Le Bhoutan, petit État himalayen et seul royaume bouddhiste tantrique au monde, est, aujourd’hui, montré en exemple sur la scène internationale en raison de son modèle de développement singulier fondé sur un équilibre entre bien-être matériel et spirituel.

« Si nous ne poursuivons pas sur la voie du BNB, le Bhoutan deviendra un pays comme les autres. Il sera régi par les lois du profit et de la compétition sans limites, gaspillera ses ressources naturelles et ses habitants deviendront workaholic », martèle Dago Beda, l’une des patronnes les plus influentes de Timphu, la capitale de ce petit pays de 46 500 km2. Coincé entre l’Inde et la Chine, le Bhoutan fait figure d’oasis de paix sociale et de démocratie dans un sous-continent en proie aux ravages des inégalités. Ici, le processus de développement initié par Jigme Singye Wangchuck, le quatrième roi, couronné en 1972 (l’année de la publication du rapport “Halte à la croissance” !), n’a pas entamé une culture et des traditions ancestrales bouddhistes demeurées très vivaces. Le pays s’efforce depuis lors de préserver un équilibre entre bien-être matériel et spirituel. Le revenu par habitant (2 370 dollars, contre 1 590 dollars en Inde) est aujourd’hui l’un des plus élevés d’Asie, l’espérance de vie à la naissance y a enregistré, en trente ans, une spectaculaire progression (70 ans en 2017, contre 50,1 ans en 1987), et le taux brut de scolarisation en primaire approche les 100 %.
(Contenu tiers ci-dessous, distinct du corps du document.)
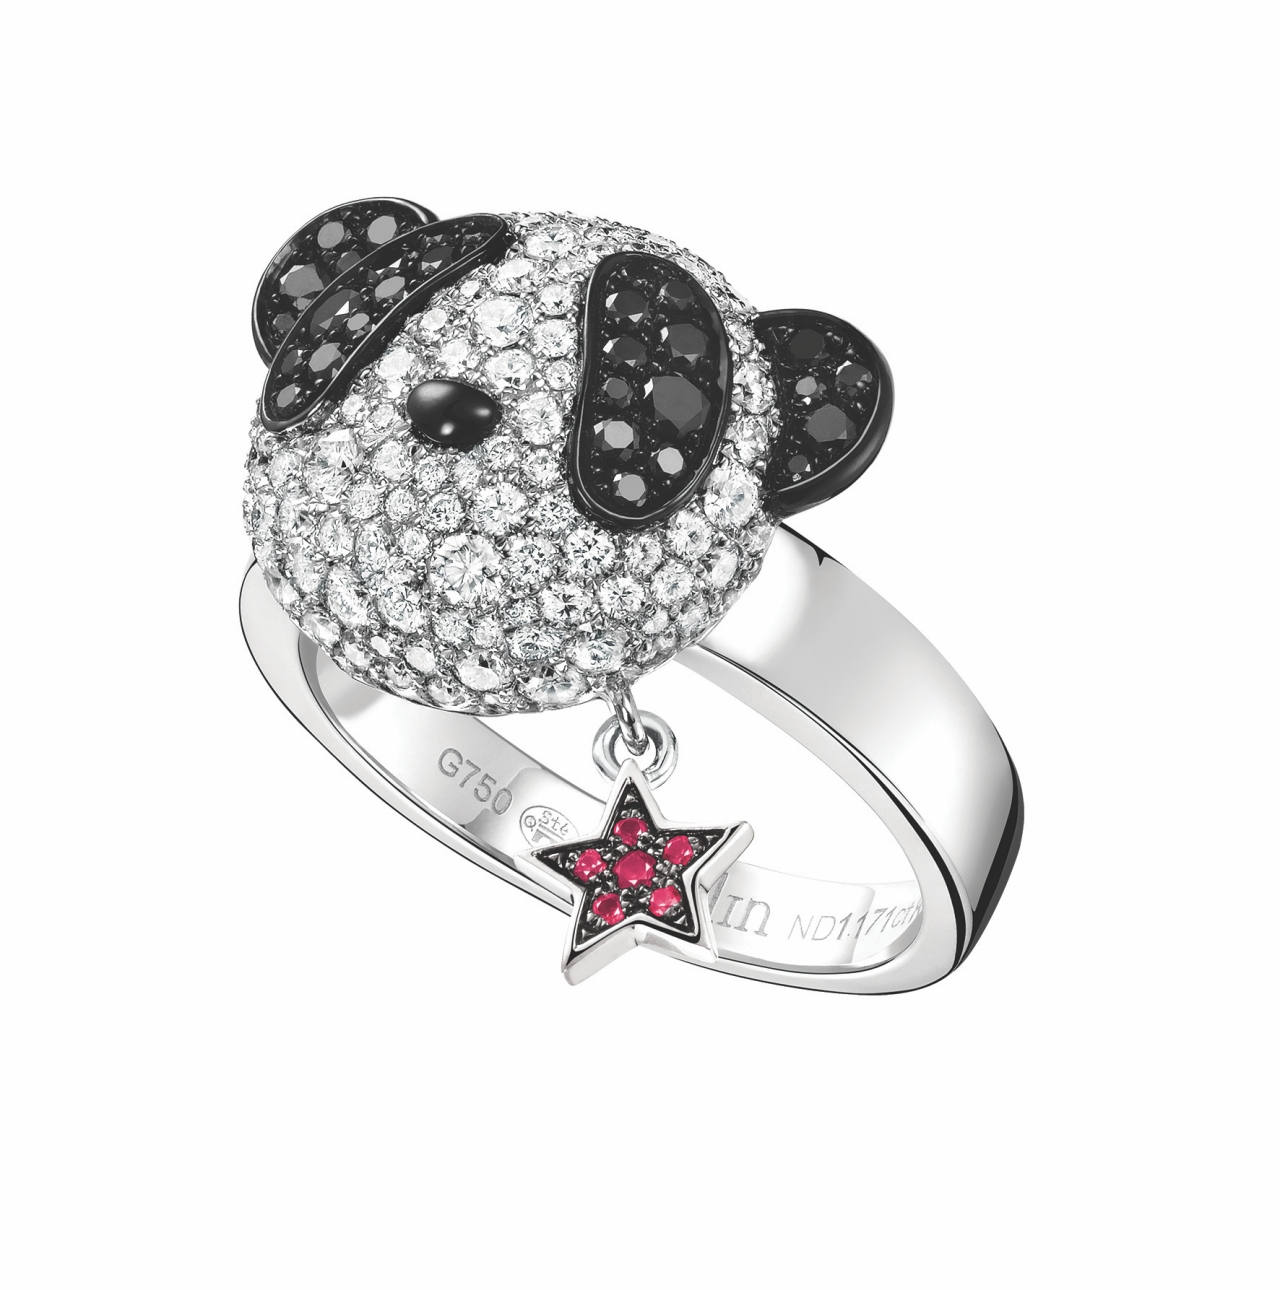 Qeelin_Small Classic Bo Bo 18K 白金鑲鑽及黑鑽石戒指 NTD339,000 (BB-030-RIAS-WGDRU)_batch

Les secrets de ce petit éden montagneux ? Le Bhoutan est le seul pays au monde à avoir inscrit le bonheur de ses 760 000 habitants au cœur des politiques publiques. Aucun projet, aucune loi ne peut être adopté sans l’aval de la Commission du Bonheur national brut (BNB). Celle-ci est chargée de veiller au respect des principes inscrits dans l’index du BNB, dont elle est la gardienne vigilante. Fruit d’une enquête menée en 2008 dans tout le pays auprès de 7 000 personnes, cet index du BNB s’efforce de refléter finement les valeurs et les aspirations des Bhoutanais tout en servant d’outil pour analyser l’évolution du bien-être et du bonheur des habitants.

Cet index est aujourd’hui la bible du gouvernement bhoutanais, la ligne directrice et le guide de l’action de tous les ministres, secrétaires d’État et autres directeurs d’agences publiques.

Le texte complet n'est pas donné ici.